Your instructions.
A verbatim reproduction of the following listing is required; omit the pictures.

*** Supplied material Section Begins ***

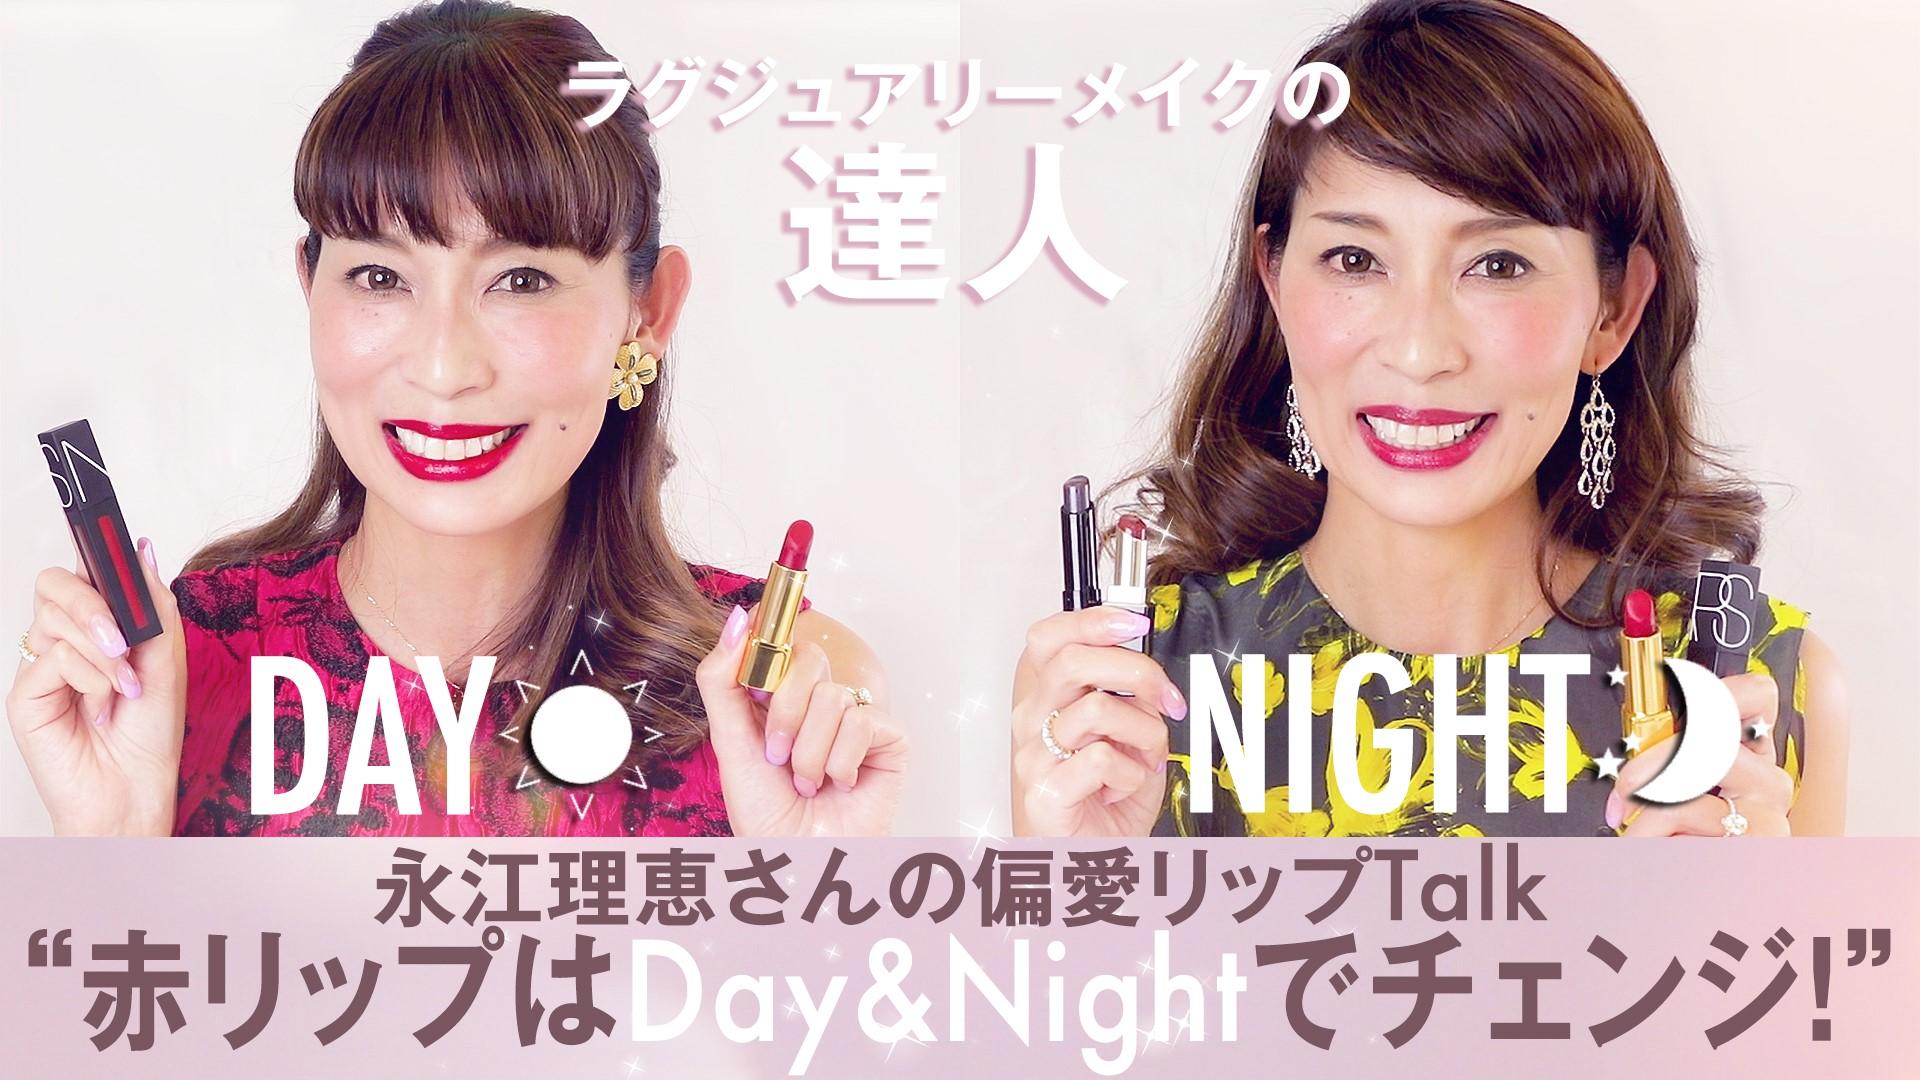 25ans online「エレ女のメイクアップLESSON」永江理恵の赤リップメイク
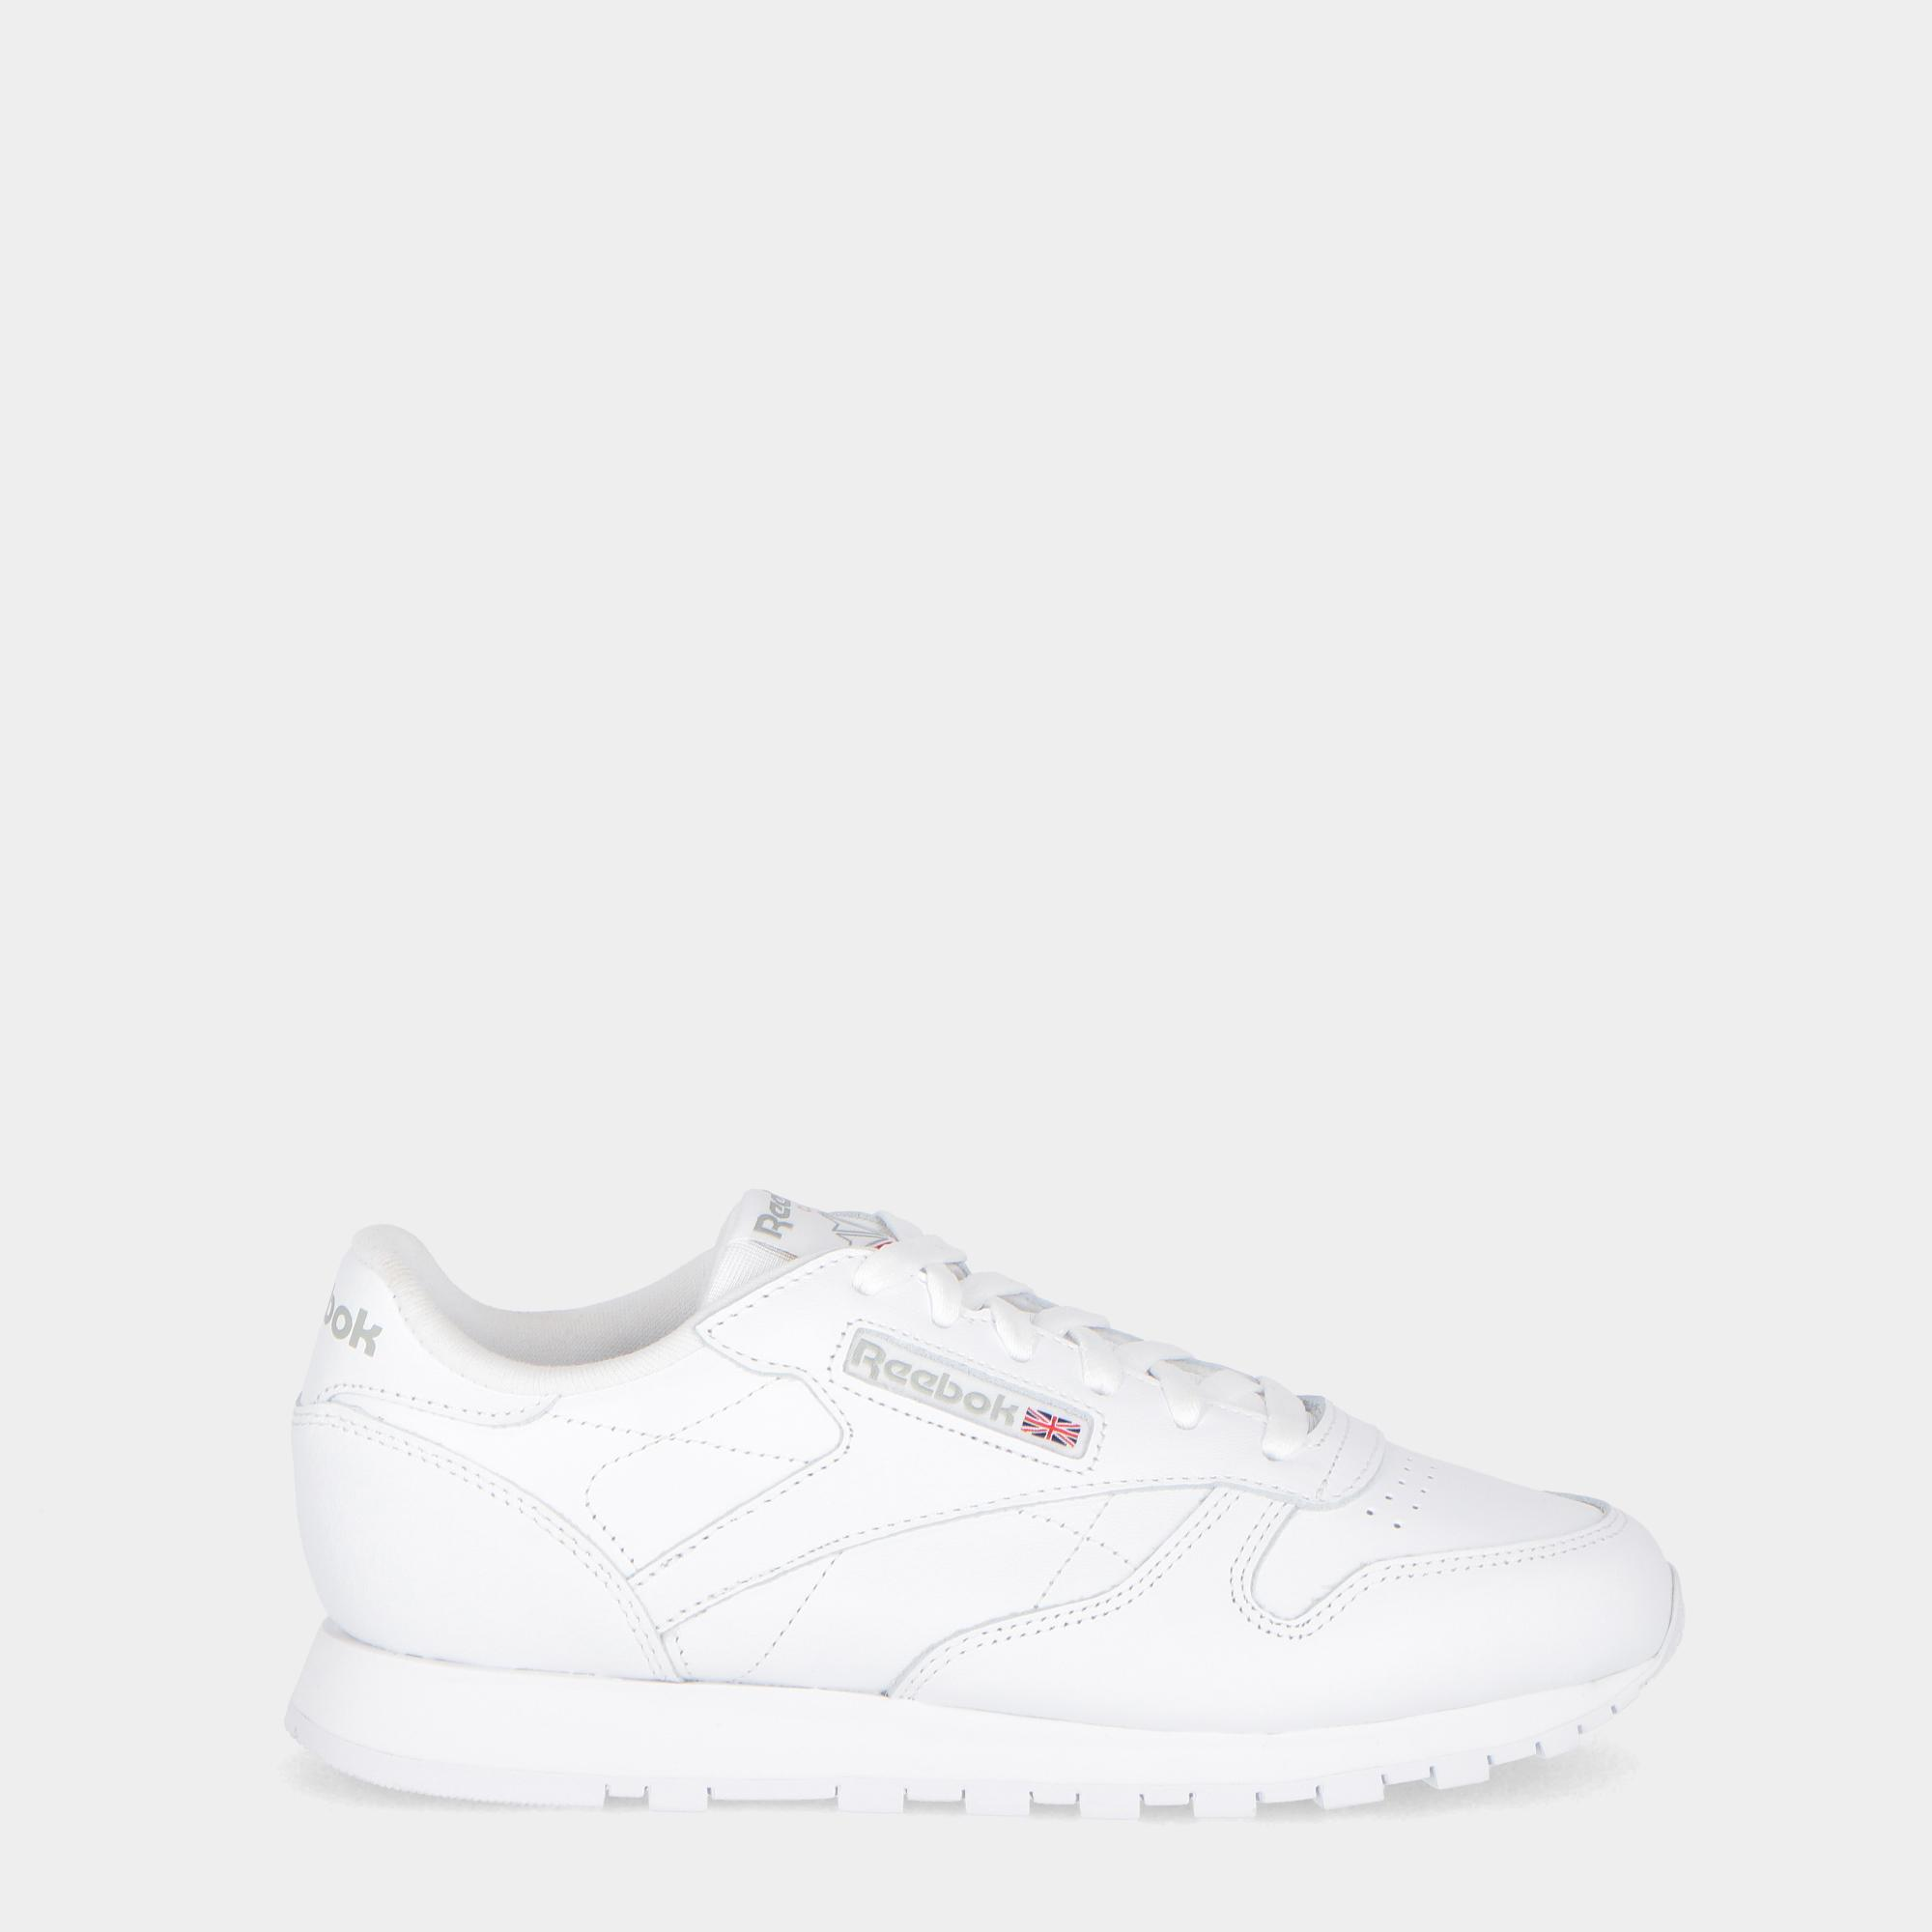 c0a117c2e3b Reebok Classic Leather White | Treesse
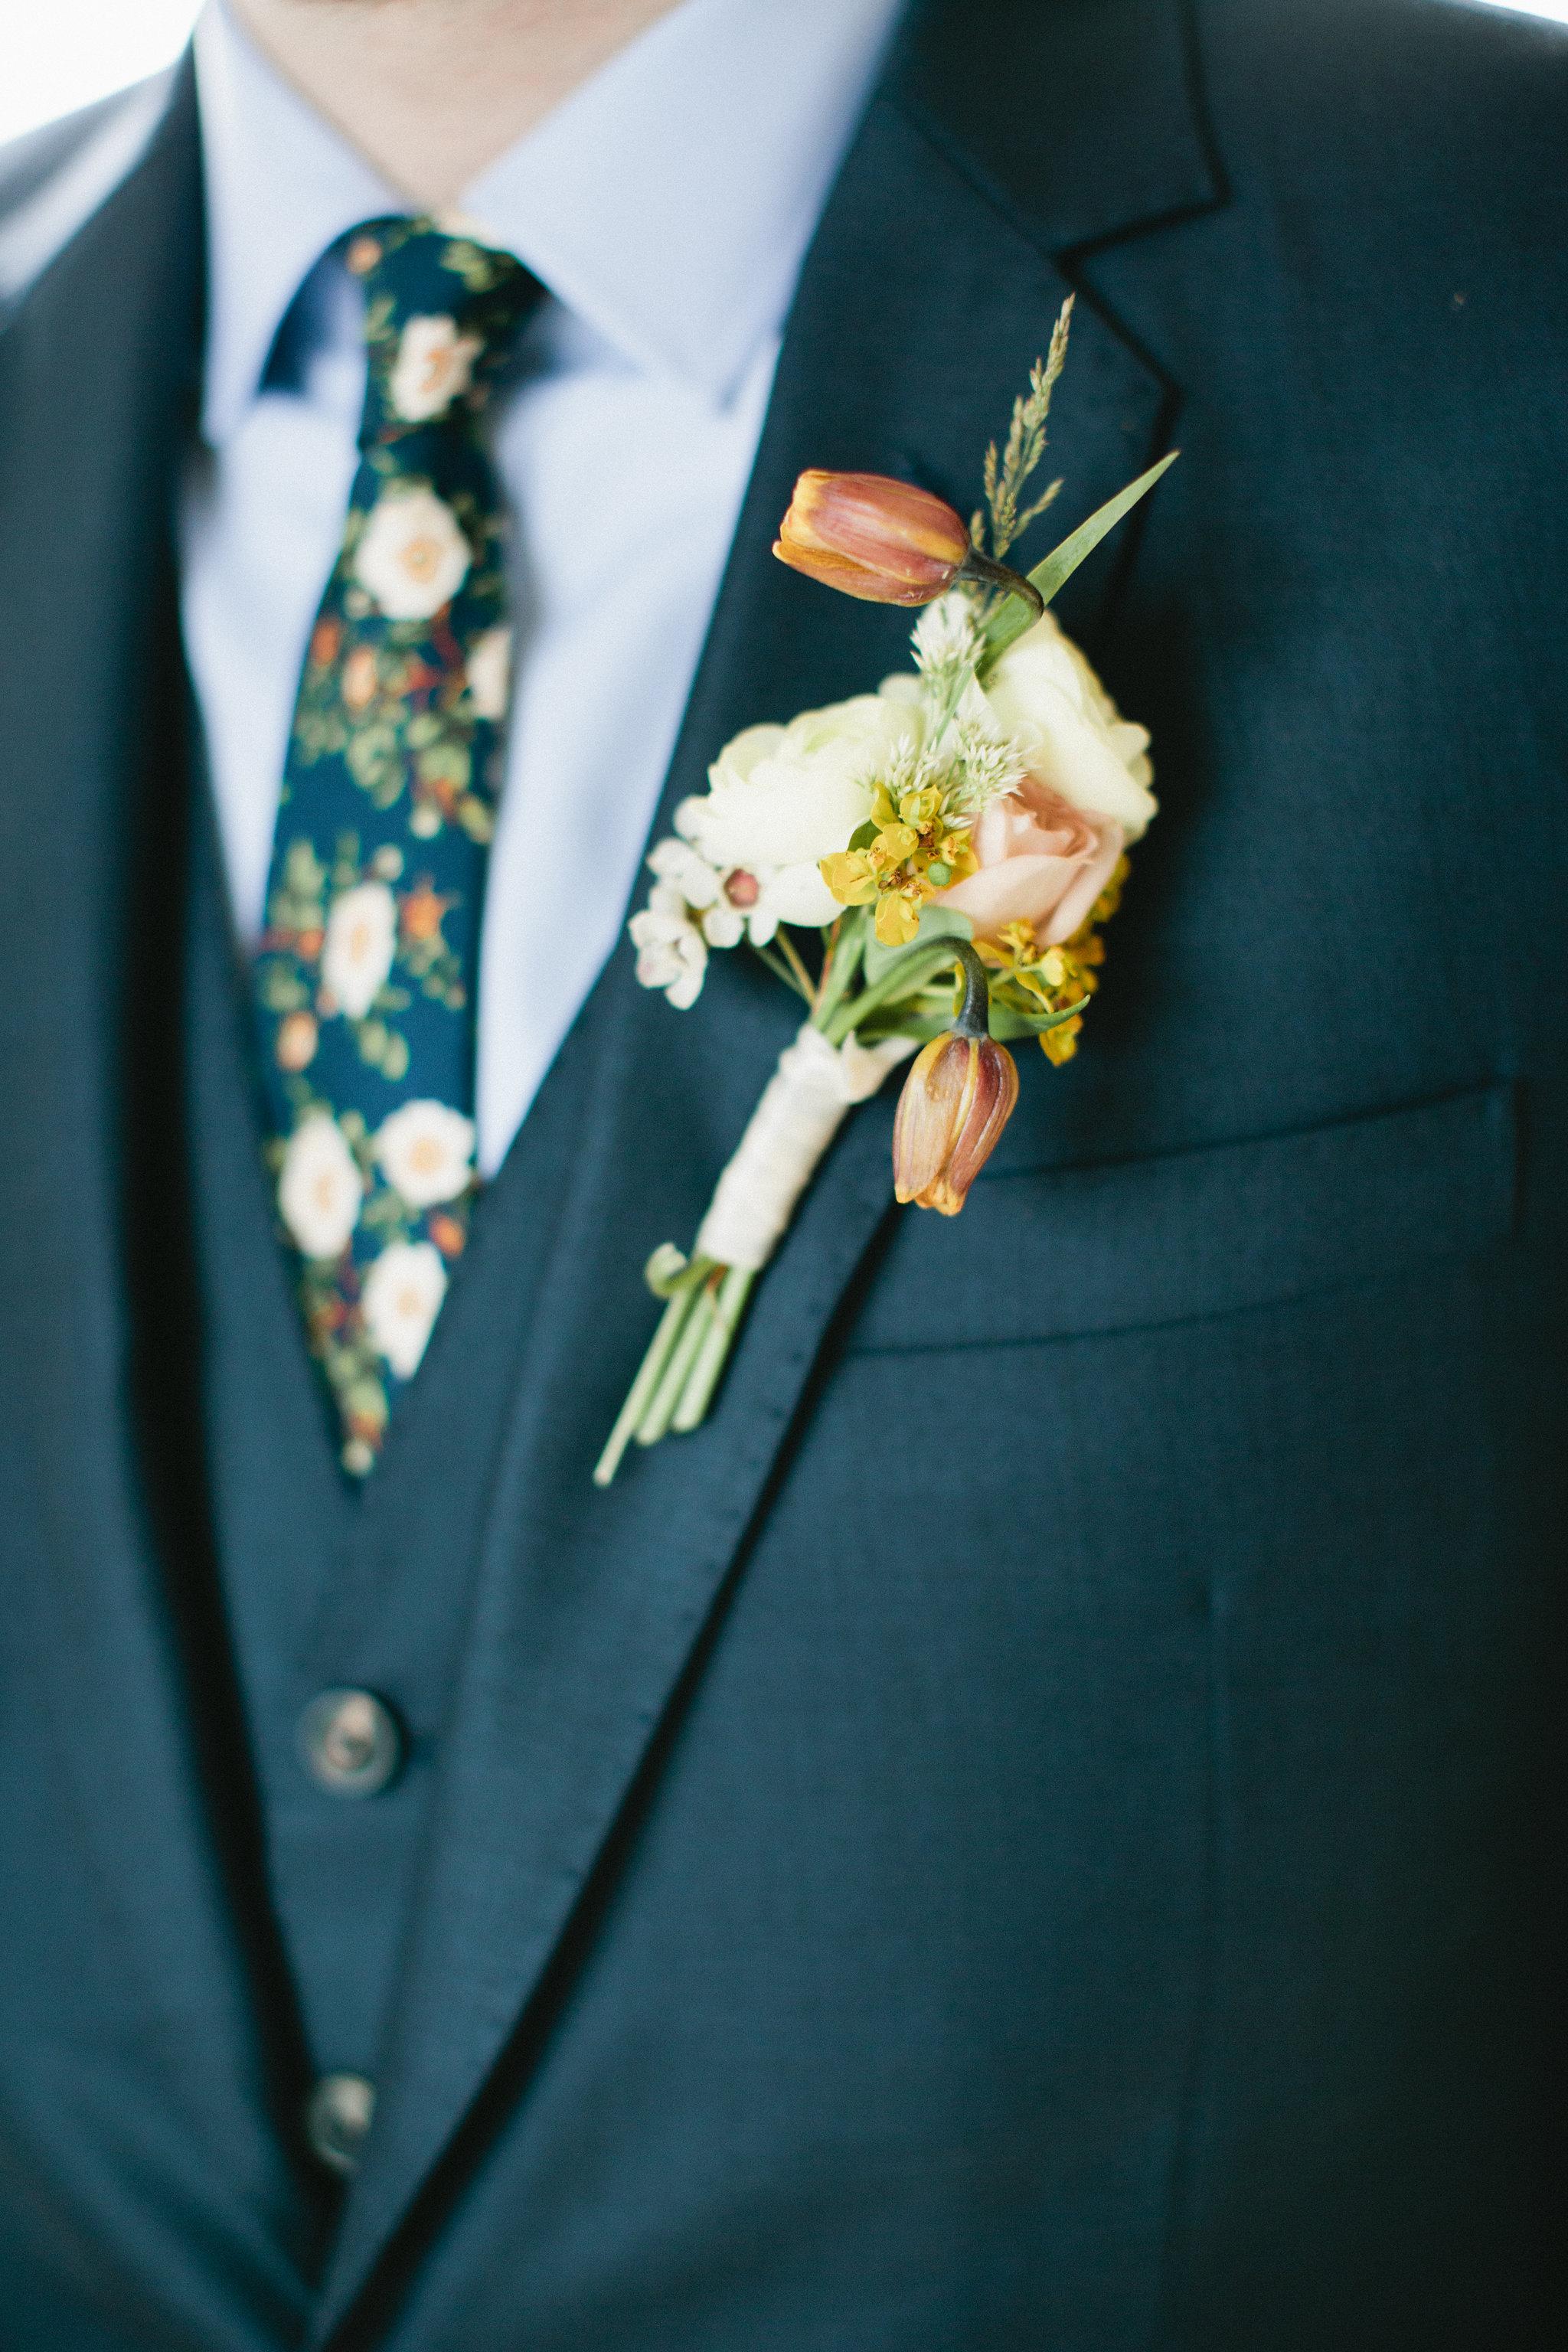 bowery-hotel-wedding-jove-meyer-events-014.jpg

*** Supplied material Section Ends ***

Output of the exercise.
 25ans online「エレ女のメイクアップLESSON」永江理恵の赤リップメイク
 c0a117c2e3b Reebok Classic Leather White | Treesse
 bowery-hotel-wedding-jove-meyer-events-014.jpg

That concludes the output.